Friday, May 23, 2008

Ada Blackjack

Since I was tagged to write about an impossible dream I have been wondering what to write. At the same time I have been reading the incredible drama of Ada Blackjack. Ada Blackjack is about a 23 year old Inuit woman who went on an Arctic Expedition organized by Vilhjalmur Stefansson in 1921. She went along to sew for the four young men who were to spend the year on Wrangel Island for some poorly conceived hairbrained reason.

The four young men are sent off with only enough food for six months as they are to live off the land. It seems that they did not even have adequate winter clothing since they panic when Ada does not get down to her sewing tasks right away. It soon becomes evident that of the four well-educated, fit and intelligent young men, none of them are a good shot with the rifles and ammunition dwindles as scarce game escapes their efforts to bring in an adequate food supply. Ada simply refuses to touch the guns at all and seems to have the idea that since she is sewing for the crew, she should be fed by them.

At the end of the first year one young man is seriously ill with scurvy and the food supplies are low. However, Steffanson does not have the resources to get a ship to the island to pick them up in spite of the pleading of the parents of the young men.

Finally realizing that their food and ammunition is running low, three of the group take the dog sleds and head north hoping to cross the ice to Nome, Alaska. They are never heard of again.

Ada and Knight are left together at the original camp. By this time Knight is seriously ill and Ada must now learn to shoulder the rifle and hunt for their survival. Day after day, she takes on the new task. She learns to handle the recoil. She learns to aim and bring down birds. She eventually is able to kill and retrieve a seal.

However, Knight, lying in bed, immobilized by scurvy is no longer able to swallow enough fresh meat to recover. He slowly wastes away and dies. Ada is left alone on Wrangel Island with a gun, the expedition cat, Knight's Bible and a typewriter. One of the passages that touches her deeply is the story of the Samaritan woman. Ada was a young Inuit woman, already married and divorced, the outsider of the group. The only survivor, she lived on after the others were gone with the Bible as her companion. At the end of the second year Ada is rescued. What we read in this book comes from her records and the diary of each of the young men.

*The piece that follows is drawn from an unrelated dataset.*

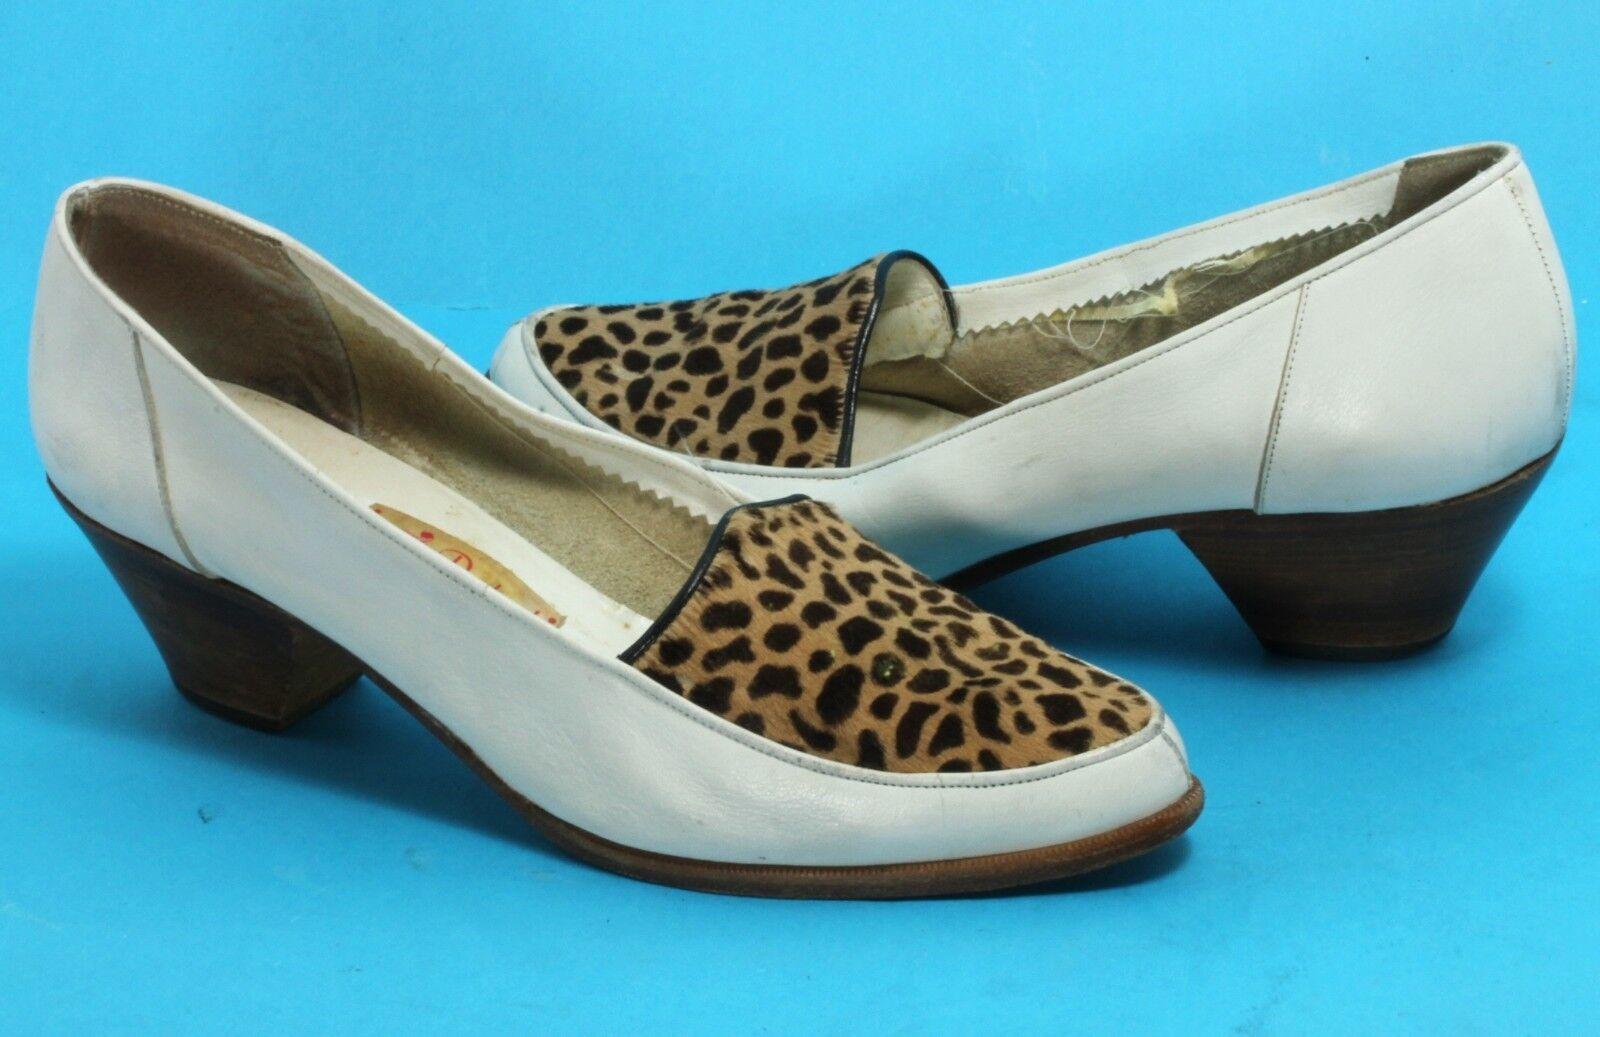 Elegant vintage pumps pumps pumps Zapatos señora rockabilly Boogie Woogie punta di piede 39,5  la mejor oferta de tienda online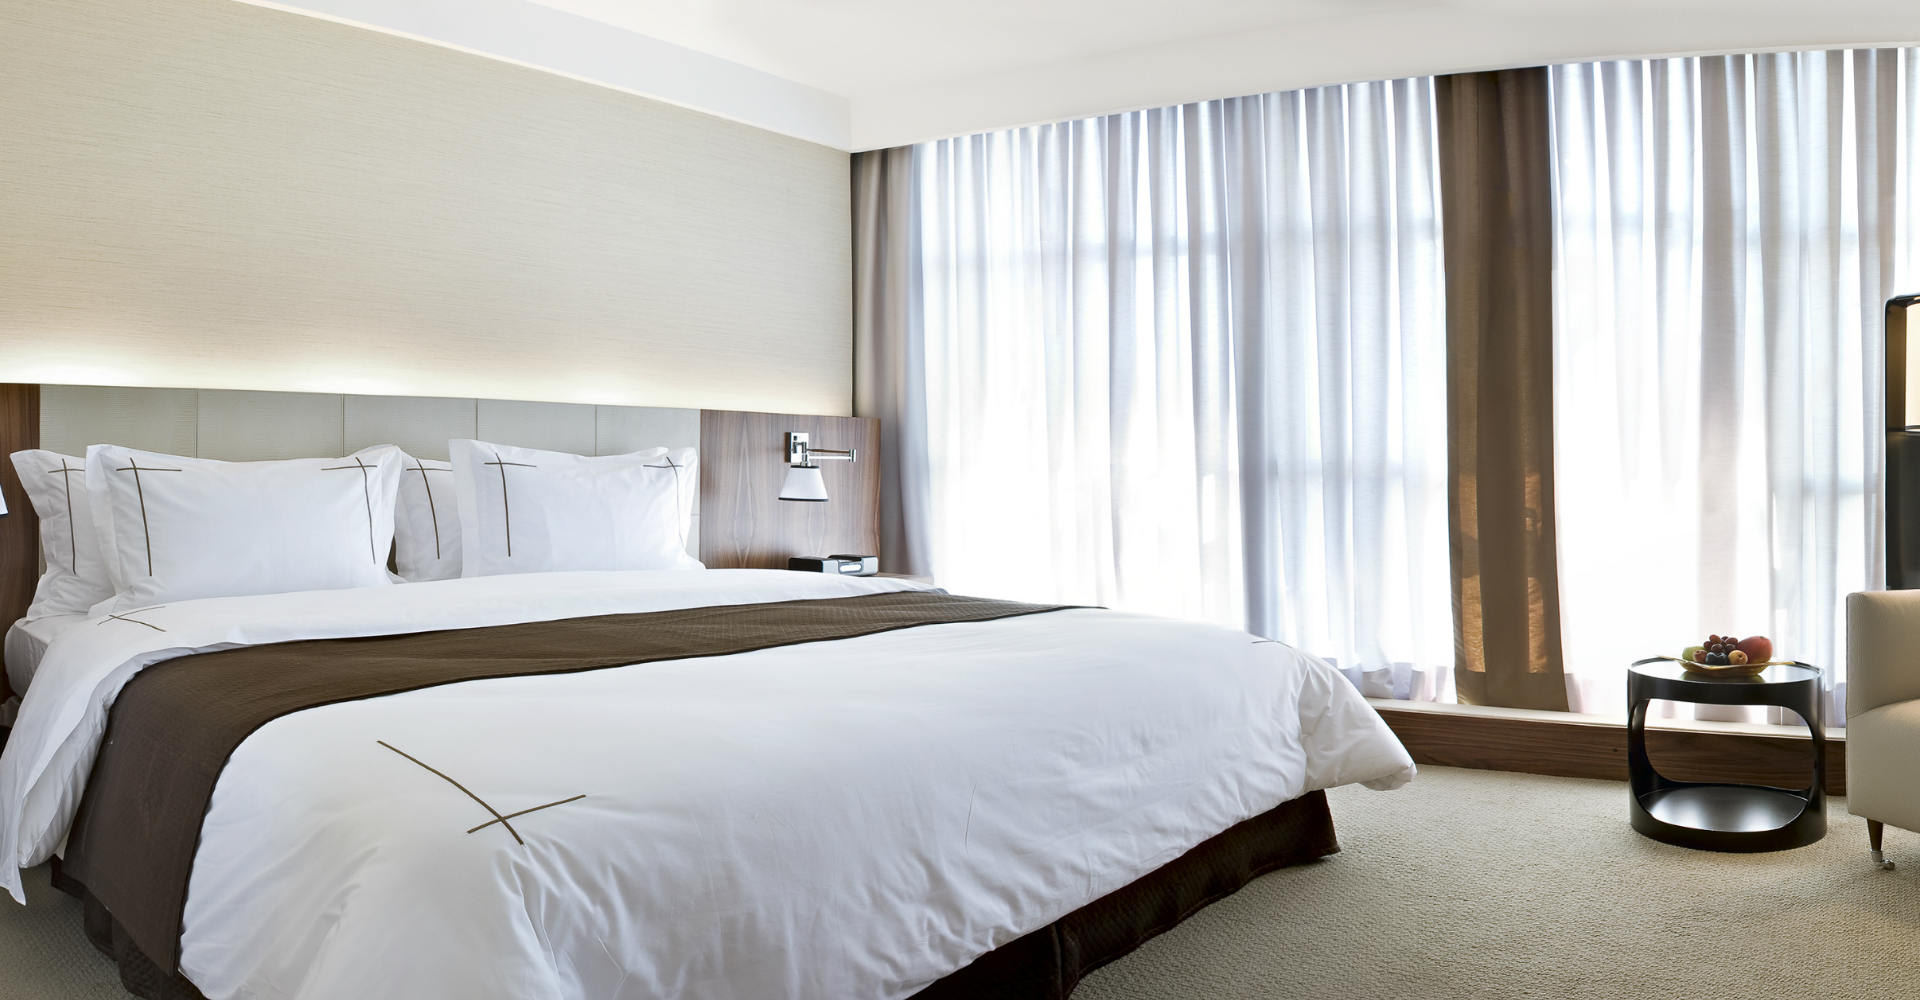 Tivoli Mofarrej São Paulo Hotel | 5 Star Hotel in São Paulo

Why do I think of this book as the impossible dream? I have a collection of books on Arctic exploration inherited from my mother and grandmother. I simply sat down and read them all one summer. Somehow, I think of the frontiers of the wilderness as their impossible dream. Why would two Victorian women make their main interest Arctic exploration? These books are, for the most part, devoid of a woman's point of view. This is the first time that I have read about Arctic exploration from the diary of a woman. Subtly the entire topic of Arctic exploration has shifted for me.

The story is told sympathetically and characters of the young men are drawn from interviews with relatives and letters from the parents, as well as diaries. How poorly prepared they all were! Ada had no special skill at survival as an Inuit. She accepted the challenge of survival when all other hope was gone. This story is fantastically well told and draws on amazingly detailed diaries. I highly recommend it but I do rejoice that Arctic exploration is not my impossible dream. Nonetheless we all have some notion of a personal frontier that we are reaching towards, whatever that may be.

1 comment:

David Ker said...

Ada's story and yours are highly evocative. And perhaps yours is more so for the personal frontier that is yours alone.